El autor es diputado.
En un nuevo acto que oscila entre el espectáculo y la provocación, el presidente Donald Trump volvió a establecerse titulares esta semana, tras difundir en sus redes sociales una imagen editada en la que aparece ataviado con la vestimenta papal.
La imagen, compartida en su plataforma Truth Social, lo muestra con la mitra, el ayuda y la túnica blanca del Sumo Pontífice, irradiando la típica estética mesiánica que ha impresionado su novelística política desde sus días en la Casa Blanca.
El aire, más que una ocurrencia visual, se inscribe en una larga tradición de simbolismo agresivo que Trump ha utilizado para desafiar instituciones establecidas, provocar reacciones virales y reafirmar su figura como outsider político. En esta ocasión, la provocación apunta en torno a una de las instituciones más antiguas y respetadas del mundo: la Iglesia Católica.
La Iglesia, que ha criticado en más de una ocasión las posturas de Trump en temas como la migración, el cambio climático o la razón social, ha sido blanco indirecto de su desprecio. En 2016, el Papa Francisco cuestionó su política de muros fronterizos diciendo que “quien construye muros y no puentes, no es cristiano”. Trump respondió, como era de esperar, calificando al Papa de “utensilio político de México”.

A este episodio se suma su presencia en el funeral del llamado “Papa Garzo” —un título informal atribuido a un líder católico conservador de Estados Unidos—, al que Trump asistió vistiendo un traje cerúleo marino, rompiendo deliberadamente el protocolo diplomático y solemne, que dicta vestimenta negra para jefes de Estado y ex mandatarios en ceremonias fúnebres católicas.

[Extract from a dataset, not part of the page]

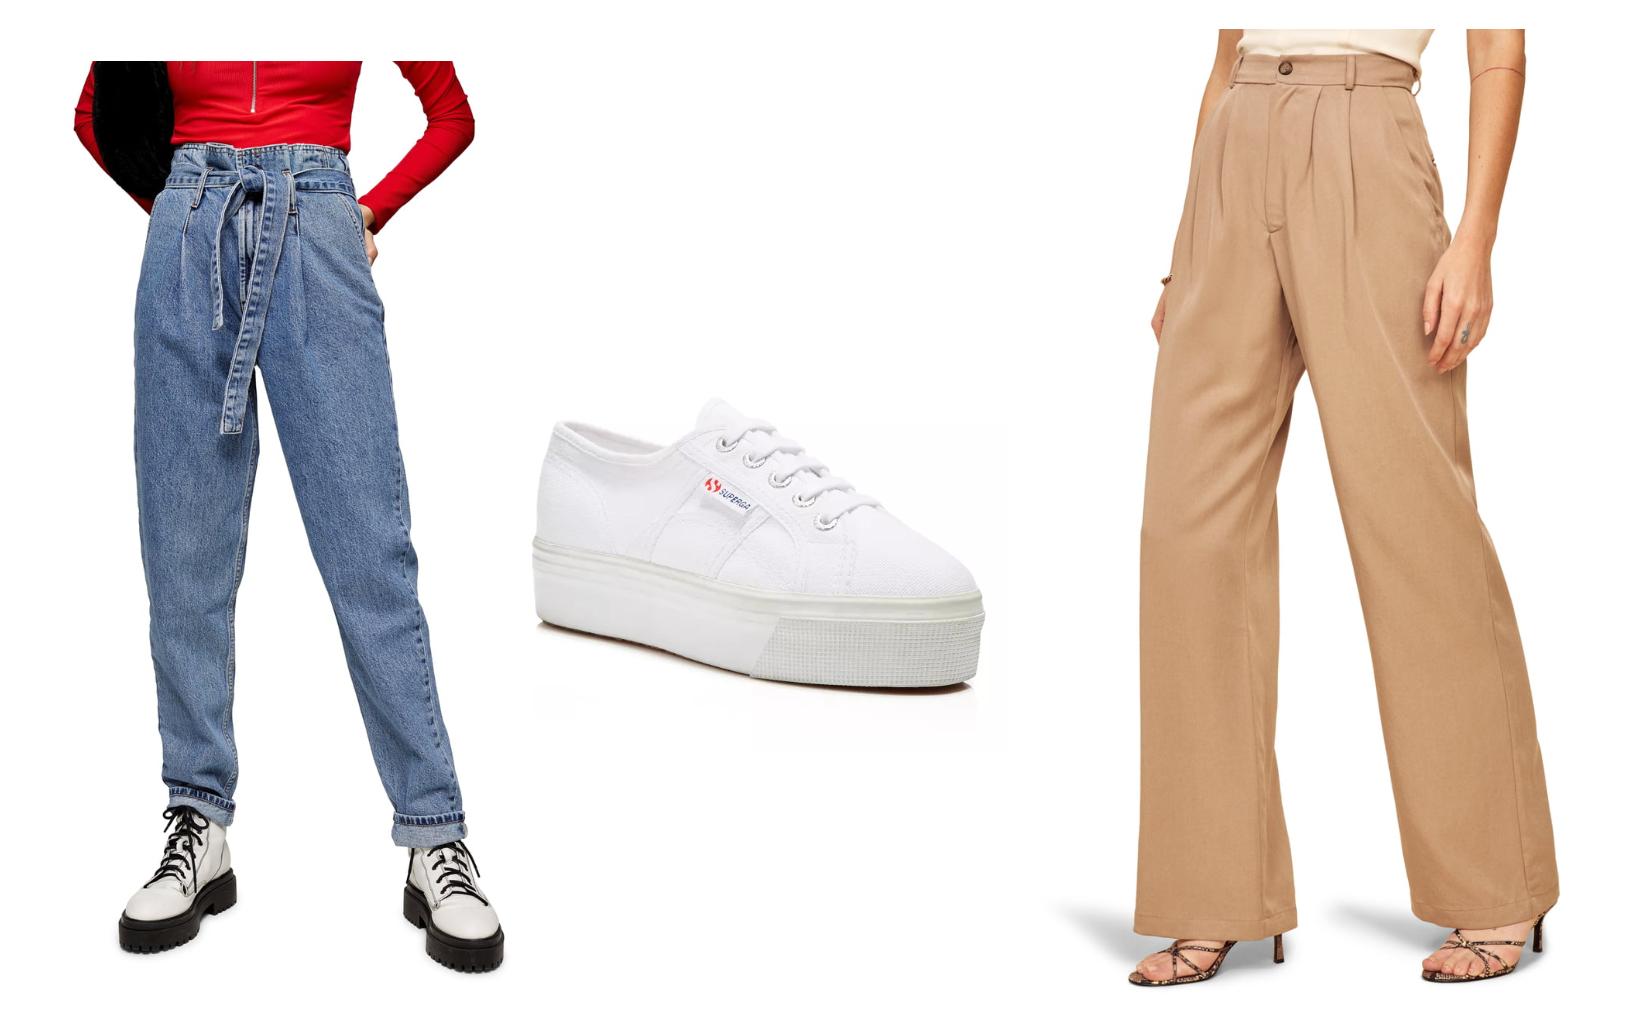 90's decade trends

Ese aire, aparentemente pequeño, fue sabio por muchos como una nueva forma de afirmar su individualismo, incluso en un entorno solemne. En política, el lengua visual lo es todo, y Trump lo sabe. Designar un traje cerúleo (color asociado a su movimiento político) en sitio del infeliz convencional fue interpretado como una comunicación de poder personal por encima del rito.
Dominar el atmósfera
Lo que para otros líderes sería un error de cálculo o una excentricidad aislada, en Trump es parte de una organización coherente: dominar el atmósfera mediante el ruido, romper convenciones, e imponer su imagen por encima del mensaje institucional. Su histrionismo —una mezcla de narcisismo, teatralidad y manipulación mediática— se ha convertido en una utensilio política.
Como señaló el culto estadounidense Jeffrey Alexander, en su obra *The Performance of Politics*, los líderes populistas no solo hacen política: la actúan. En el caso de Trump, esa recital es permanente, incluso posteriormente de dejar el cargo. Su uso de imágenes religiosas, símbolos imperiales o narrativas de persecución forma parte de una escenografía cuidadosamente construida para apoyar viva su figura en la imaginación pública.
Esta nueva puesta en ámbito con atuendo papal no es solo una ofensa a sensibilidades religiosas. Es una infamia diseñada para robustecer su colchoneta —que valora su aspecto desafiante— y provocar a sus críticos, obligándolos a reaccionar. Es, en definitiva, el maniquí Trump: provocar para polarizar, polarizar para dominar la memorándum.
La gran pregunta es hasta cuándo este espectáculo político podrá sostenerse sin consecuencias institucionales más profundas. Porque en un mundo donde la verdad y el protocolo se diluyen entre memes y provocaciones, el daño puede no ser inmediato, pero sí acumulativo.